TRUST ACCOUNTING WITH QUICKBOOKS
does anyone use Qbooks for TRUST ACCOUNTING? IF
yes, please explain. thank you
does anyone use Qbooks for TRUST ACCOUNTING? IF
yes, please explain. thank you
Here is a detailed answer from another post from Account-Sims:
There are a few specific challenges with law firm accounting:
_Tracking advanced costs correctly when paid out of the Operating account
_Billing for those advanced costs to the client
_Tracking and billing for time, using as much or as little detail as required by the particular firm
_Tracking and billing for miscellaneous costs (phone, fax, copies, etc) that are not directly billable to the client ( $ for $ )
_And, most importantly, tracking and reporting the trust accounting to meet the requirements of the state/bar
For the trust accounting, you need to be able to answer the following 'tests' -
1) Does the trust bank account balance match the trust liability account balance?

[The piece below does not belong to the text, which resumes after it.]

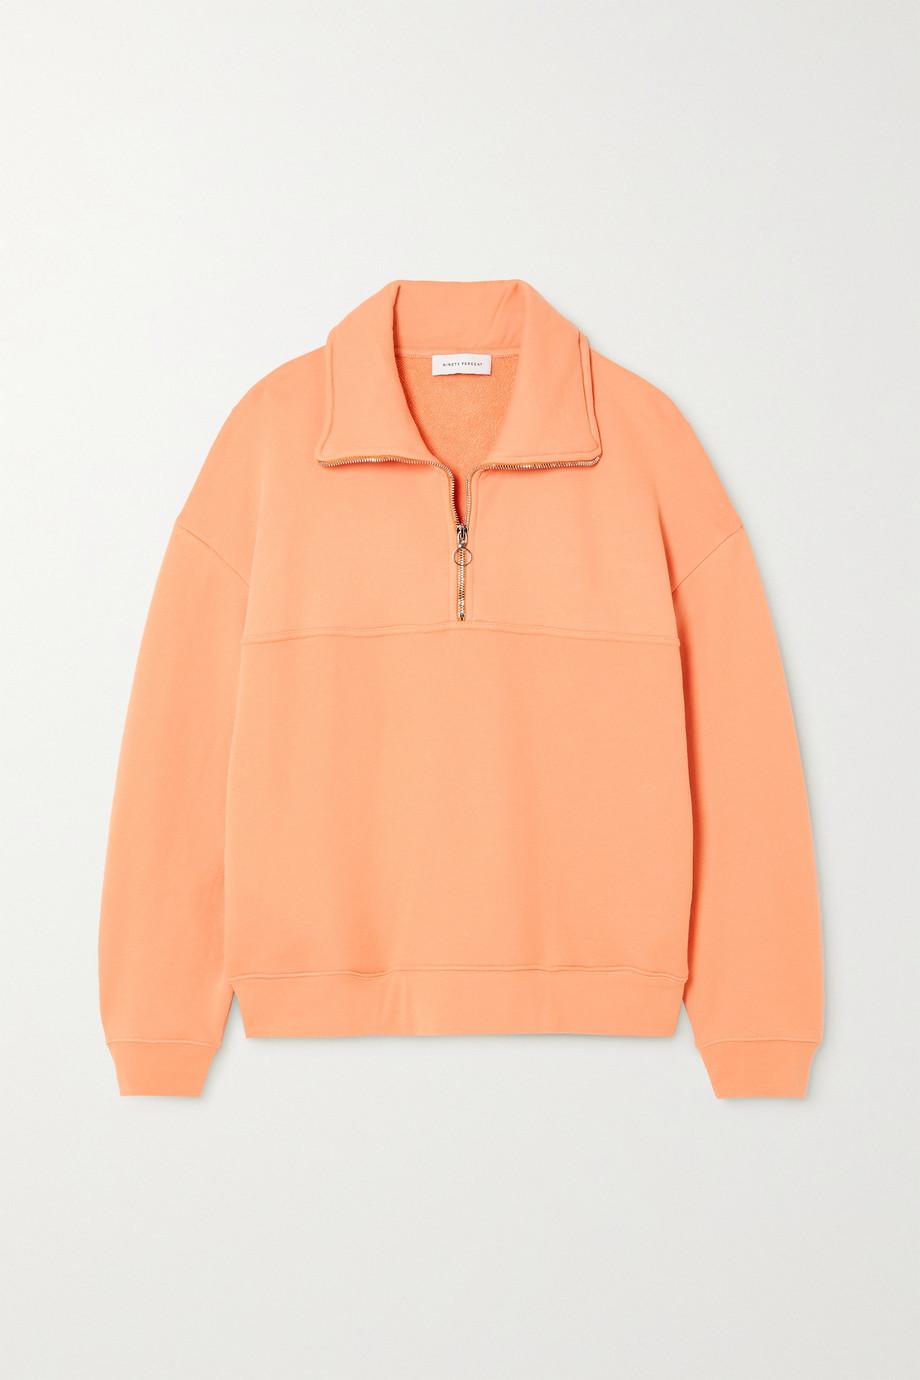 Ninety Percent + NET SUSTAIN Sweatshirt aus Biobaumwoll-Jersey

2) Do you have a report listing each client's trust balance, the total of which equals the trust bank account balance?
3) Do you have a detailed ledger, for each client, which shows the specifics of the ins and outs of the trust monies?
All of the above can be accomplished using QuickBooks, but specific procedures (see below) need to be followed and reports need to be created to meet the required standards.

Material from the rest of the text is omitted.